A Cataclysm


By downgrading the U.S. public debt rating for the first time in 70 years, the agency Standard & Poor’s has thrown global finance into turmoil. And with it, the economy and even politics.

Global finance is based upon a simple idea: U.S. debt is 100 percent secure. All financial products are defined by differences in interest rates and, therefore, by risk in relation to American federal obligations. Of course, this grading cannot be taken as gospel. It is just one of many opinions. However, it does state the obvious: the U.S. cannot continue on this path, with a maximum public deficit (more than 10 percent of gross domestic product this year, for the third time in a row) and minimal growth (an annual rate of less than 1 percent during the first half of 2011). For the first time in over two centuries, the United States risks not being able to repay its debts. In the wake of Standard & Poor’s announcement, bankers, insurance companies and investors from around the world can no longer turn a blind eye to this disturbing fact. They are going to have to revise the whole of their capital allocation policy, a move that will wipe out thousands of billions of dollars in the coming weeks and months — the Chinese have already expressed their anger. The regulators themselves will also have to recalculate everything. Money will inevitably become more expensive. Even if, initially, many investors instinctively, albeit paradoxically, purchase American debt in order to protect themselves from market turbulence, something which could hold down interest rates at first and thus reassure those who are more short-sighted.

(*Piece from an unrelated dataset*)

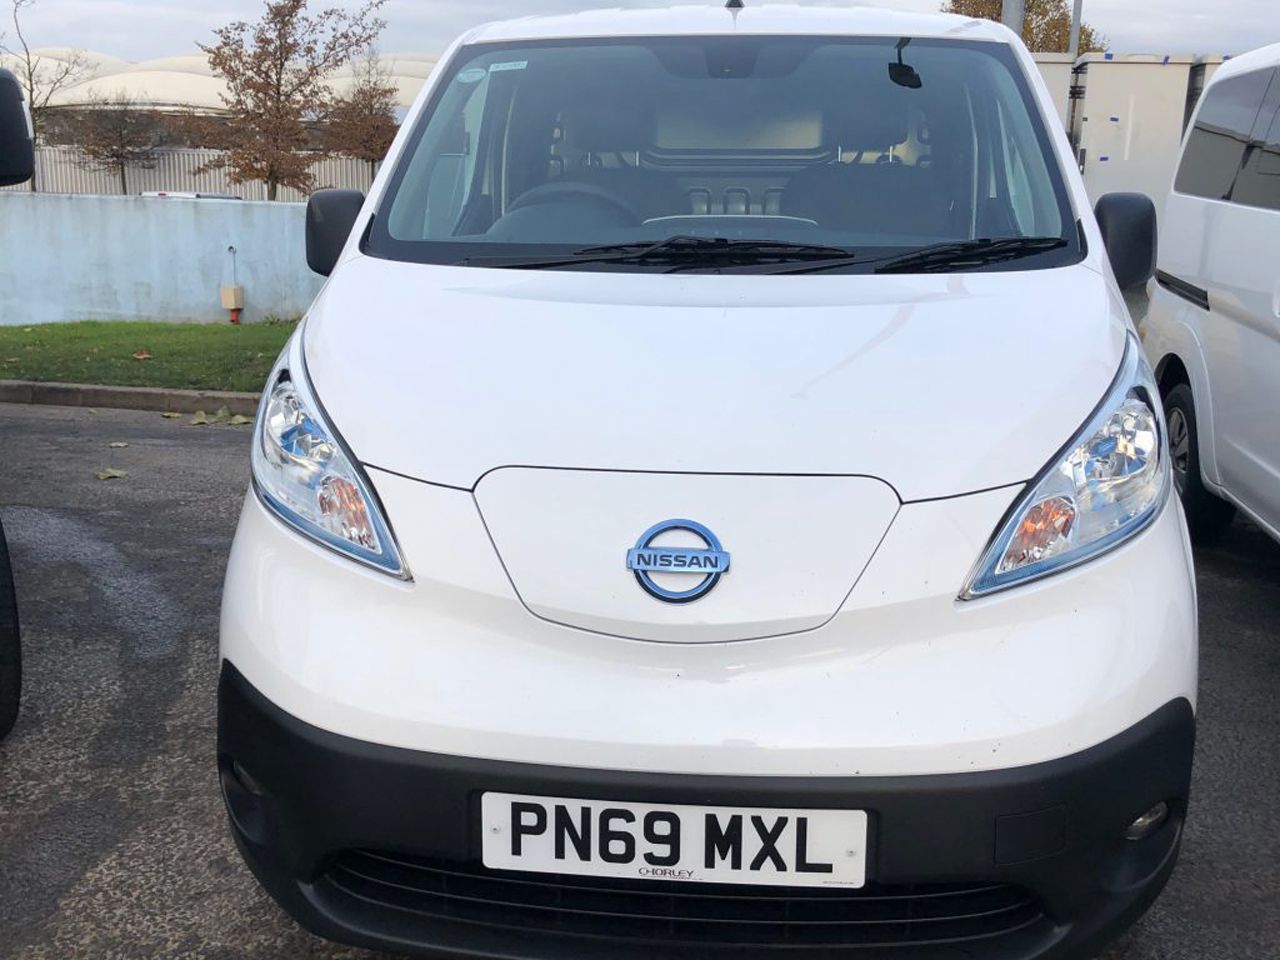 Nissan E-nv200 Lease Offers

This has not just shaken up the world of finance. As it is a matter of public debt, politics is affected accordingly. The representative democracy in which we live was invented 300 years ago and is based upon a simple idea: In order to avoid a spiraling debt which leads to bankruptcy, public accounts must be audited by representatives of the people and not left to the king’s pleasure. Today, this founding mission is no longer successful in the United States, even though she is long considered to be the model of representative democracy. And, in our old Europe, doubt about the ability of the United States to meet its financial obligations is also growing, as we saw last week with the markets. Political leaders are increasingly providing verbal reassurance, yet, as the public debt grows, they are losing their credibility. To restore confidence, action, more than words, is needed. This is not just about the health of financial markets, the future of democracy is also at stake.